A survey by Cargill showed that sustainability was a growing concern for customers and that the majority are willing to pay a premium for environmental and social responsible brands. “Consumer expectations are higher now than ever before,” a Cargill official said, especially when it comes to buying chocolate. A majority of those surveyed said they were readier to pay a premium for environmental sustainability than for low-sugar or organic chocolate. 

In the US, the government issued its first ever dietary guidelines for infants and toddlers, which recommends not to feed any added sugars to children younger than 2 years old and less than 10% of daily calorie intake after 2. The government rejected the recommendations made by the Agriculture Department and the Department of Health and Human Services to lower the recommended consumption of added sugar from 10% to 6% of calories consumed daily saying the evidence was insufficient to support stricter restrictions on sugar consumption. The government also rejected a proposal to lower the recommended limit on alcohol intake from two daily drinks for men and one daily drink for women to one daily drink for both women and men. 

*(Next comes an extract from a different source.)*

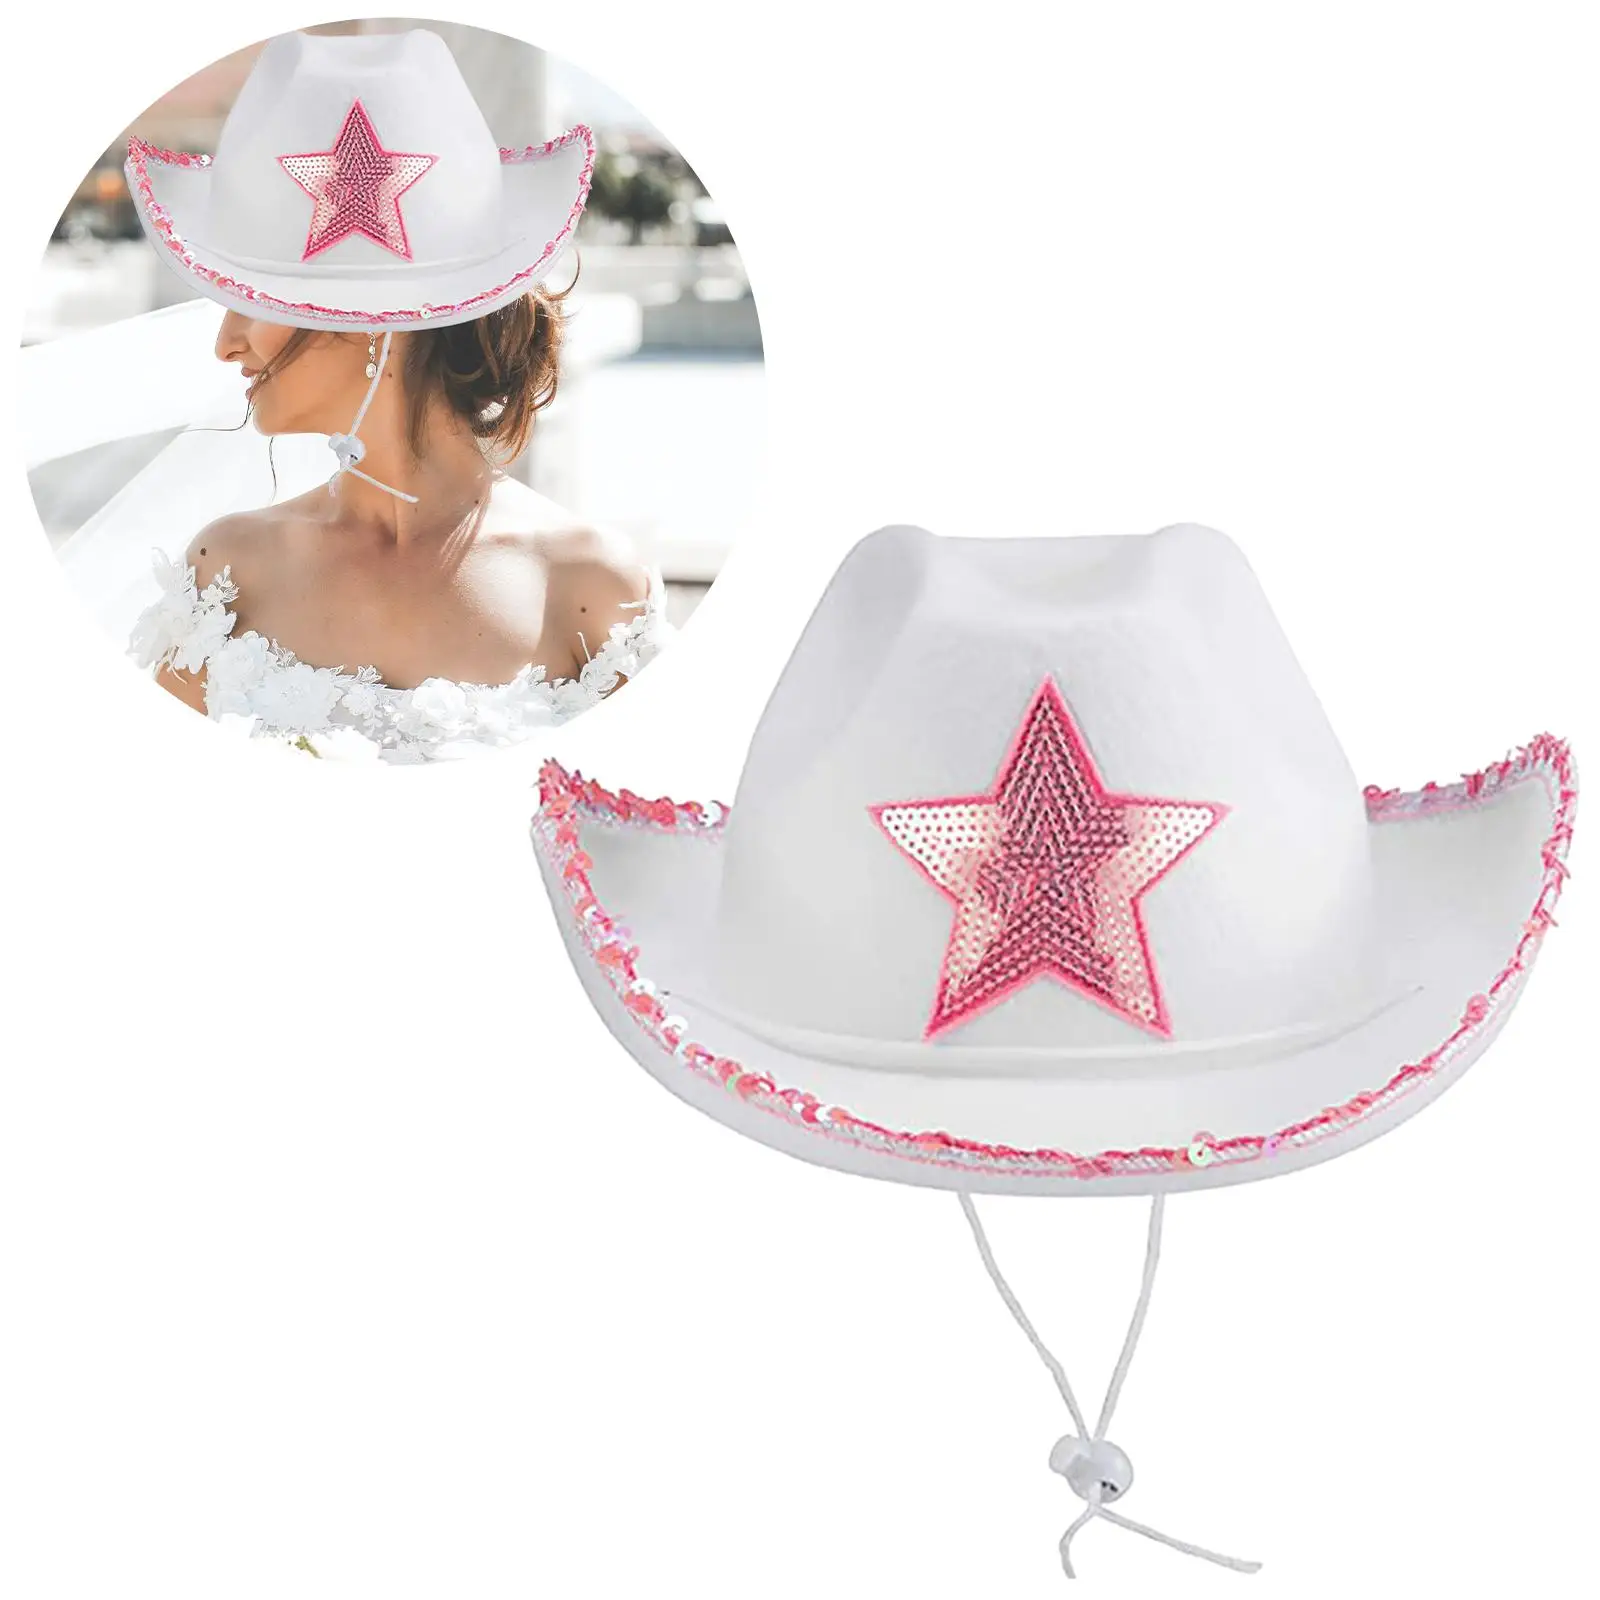 Novelty  Hat with Tiara Adjustable Neck Draw String White Felt Western Cowboy Hat for Women Ladies Dress up Fancy Dress Party
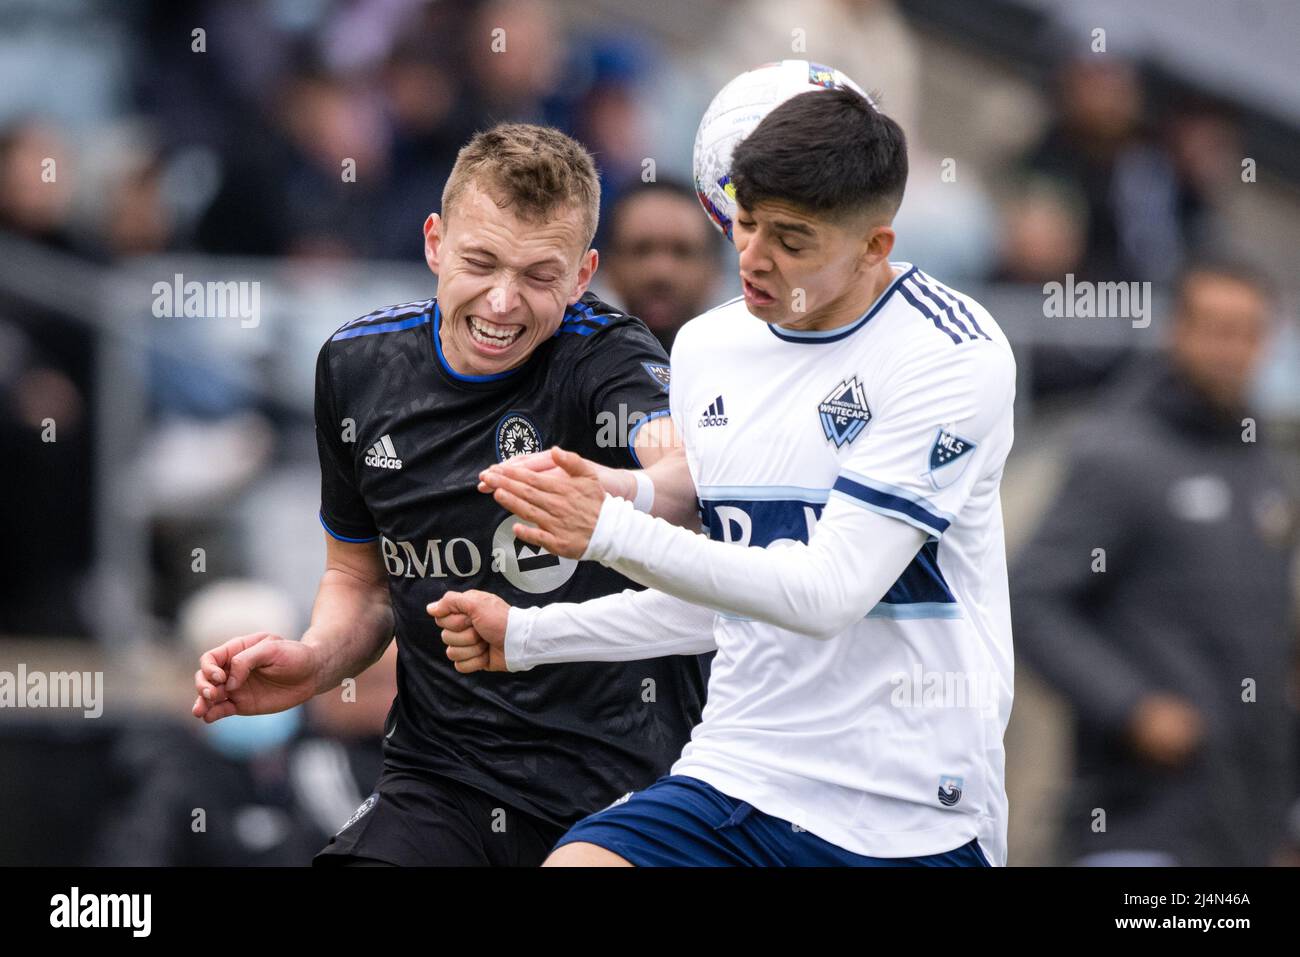 MONTREAL, QC - APRIL 16: Alistair Johnston (22) of CF MontrÃ©al battles with CristiÃ¡n GutiÃ©rrez (3) of Vancouver Whitecaps for possession of the ball during the second half of the MLS game between the Vancouver Whitecaps and the CF Montreal game on April 16, 2022, at Stade Saputo in Montreal, QC  (Credit Image: © Vincent Ethier/Icon SMI via ZUMA Press) Stock Photo

In the UK, meanwhile, the government will be rolling out new restrictions on unhealthy food promotions from April 2022, including restricting where the foods can be placed in stores and banning discounted offers and free refills of sugary products. While more and more countries are looking into discouraging the consumption of junk food, a new discovery by archaeologists in Pompeii suggests that fast food may not be a modern invention. According to the Associated Press, archaeologists dug out a food stall dating back to 79 AD, with fragments suggesting that chicken, duck, snails and fava beans had been on the menu that day. 

If you’re not ready to go completely vegan, and switching to eating bugs doesn’t appeal to you either, but you still want to do your bit for the planet, you may want to consider getting your pet to eat bugs instead. Nestle Purina PetCare will be launching its pet food made from crickets in the US sometime this month. Insect-based pet food is already gaining grounds in Europe, with cricket a popular option as it needs 12 times less feed than cattle for the same amount of protein and vets in the UK are recognising that this is good quality protein too. It is likely to remain a premium product for the foreseeable future, however, given the higher costs of production. That’s why Nestle Purina PetCare will also be investing USD 550 million in expanding its pet food plant in Georgia, US.